Peacebuilding in Burundi: Progress and Challenges

10/24/2008 // Norwegian Ambassador and  Chair of the Burundi Specific Configuration of the Peacebuilding Commission, Johan L. Løvald, emphasized the progress that has been made and the challenges ahead as the Security Council debated the report of the Peacebuilding Commission on its first session. 

 Mr. President,

Since the debate on peacebuilding that the Security Council had in January the Peacebuilding Commission has made considerable progress as pointed out in the Annual report, including in its Burundi specific configuration, which I have the pleasure of chairing.

Bearing in mind the Security Council’s original request for advice on Burundi, I would like to focus my intervention on the progress made and the challenges ahead in the Peacebuilding Commission’s work with Burundi.

Firstly, I should like to emphasise the importance of national ownership and commend the Government and people of Burundi for their active and constructive cooperation in peace consolidation.

Based on this cooperation the Peacebuilding Commission has been able to identify priorities for peacebuilding and how to address them. Not least through the development of the Strategic Framework for peacebuilding in Burundi which was a significant achievement. The consultative process in Burundi during the development of the Strategic Framework was appreciated, and we encourage the continued and open dialogue between all stakeholders in the country.

Secondly, while we so far have focused on peacebuilding priorities, we are now in this second year of work shifting our focus to how to deal with these priorities. We are now in the process of setting up a Monitoring and Tracking Mechanism for the Strategic Framework.  In other words, we are moving from identification to implementation.

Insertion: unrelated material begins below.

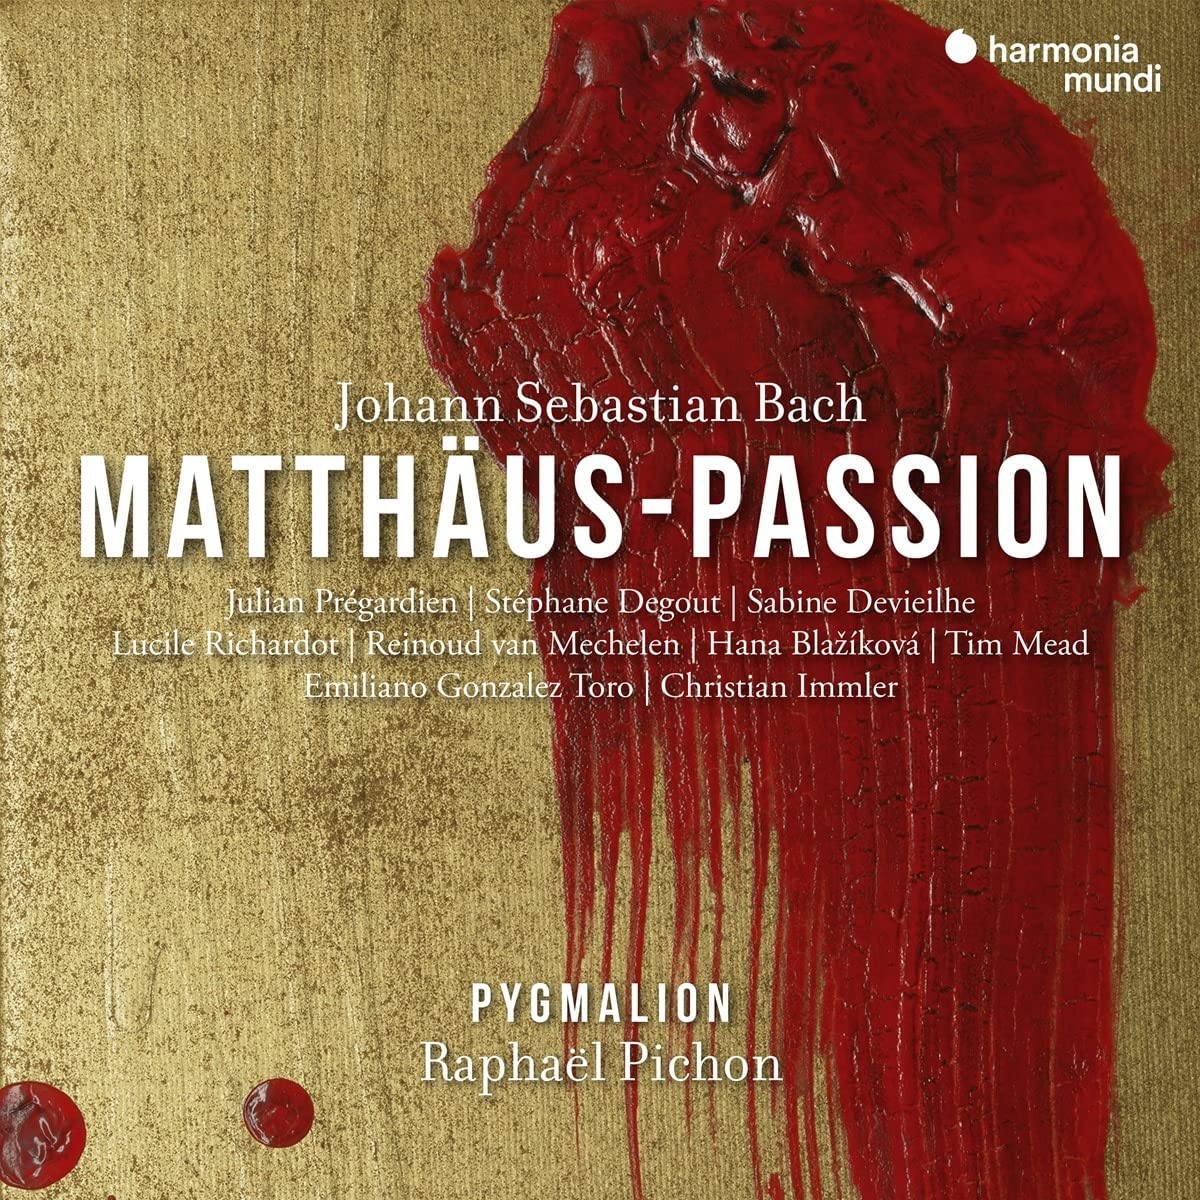 CD cover Matthäus-Passion Pygmalion

We hope to finalise work on this mechanism in the near future. It will crucial in our efforts to make sure that consolidation of peace actually happens. Again, the Government carries a specially responsibility. But so do other stakeholders as well. Resource mobilisation will be a crucial element in this regard. The present precarious budgetary situation in Burundi bears strong testimony to this.

Thirdly, also in the case of Burundi there is no development without security and no security without development. As regards the security situation I wish to draw the Council’s attention to the Conclusions and Recommendations on Peacebuilding in Burundi forwarded to the President of the Security Council in my letter dated 20 September 2007.

The Conclusions and Recommendations addressed some of the key challenges facing the country at this time, including the implementation of the Comprehensive Ceasefire Agreement between the Government of Burundi and PALIPEHUTU-FNL. A specific recommendation was given to the Government of Burundi to continue to explore all ways to resolve its differences with leaders of the PALIPEHUTU-FNL.

A specific recommendation was also given to PALIPEHUTU-FNL  - “to resume promptly without condition its participation in the work of the Joint Verification and Monitoring Mechanism and constructively re-engage with the Government with a view to resolve differences”.

This is an issue that is still a matter of concern.

I recall that the Peacebuilding Commission in the recommendation to the Security Council asked the Council “to continue to closely monitor the situation in Burundi, in particular with respect to the effective implementation of the Comprehensive Ceasefire Agreement and to consider, if necessary, undertaking appropriate action with a view to the effective implementation of the ceasefire agreement by the set deadline”.

The Regional Initiative and the South African facilitator are working actively to facilitate dialogue among the parties and to bring PALIPEHUTU-FNL back to the Joint Verification and Monitoring Mechanism (JVMM). Their efforts need our support.

I would therefore wish to reiterate the call on the Security Council to address this issue and take concrete measures as the Security Council might see fit, with a view to contributing to the resolution of this outstanding issue.

The importance of the resolution of this issue cannot be emphasised enough. The people of Burundi deserve peace so that other pressing issues in terms of political stabilisation and economic development can be achieved. The Security Council’s concrete contribution to the achievement of this objective would be timely and invaluable.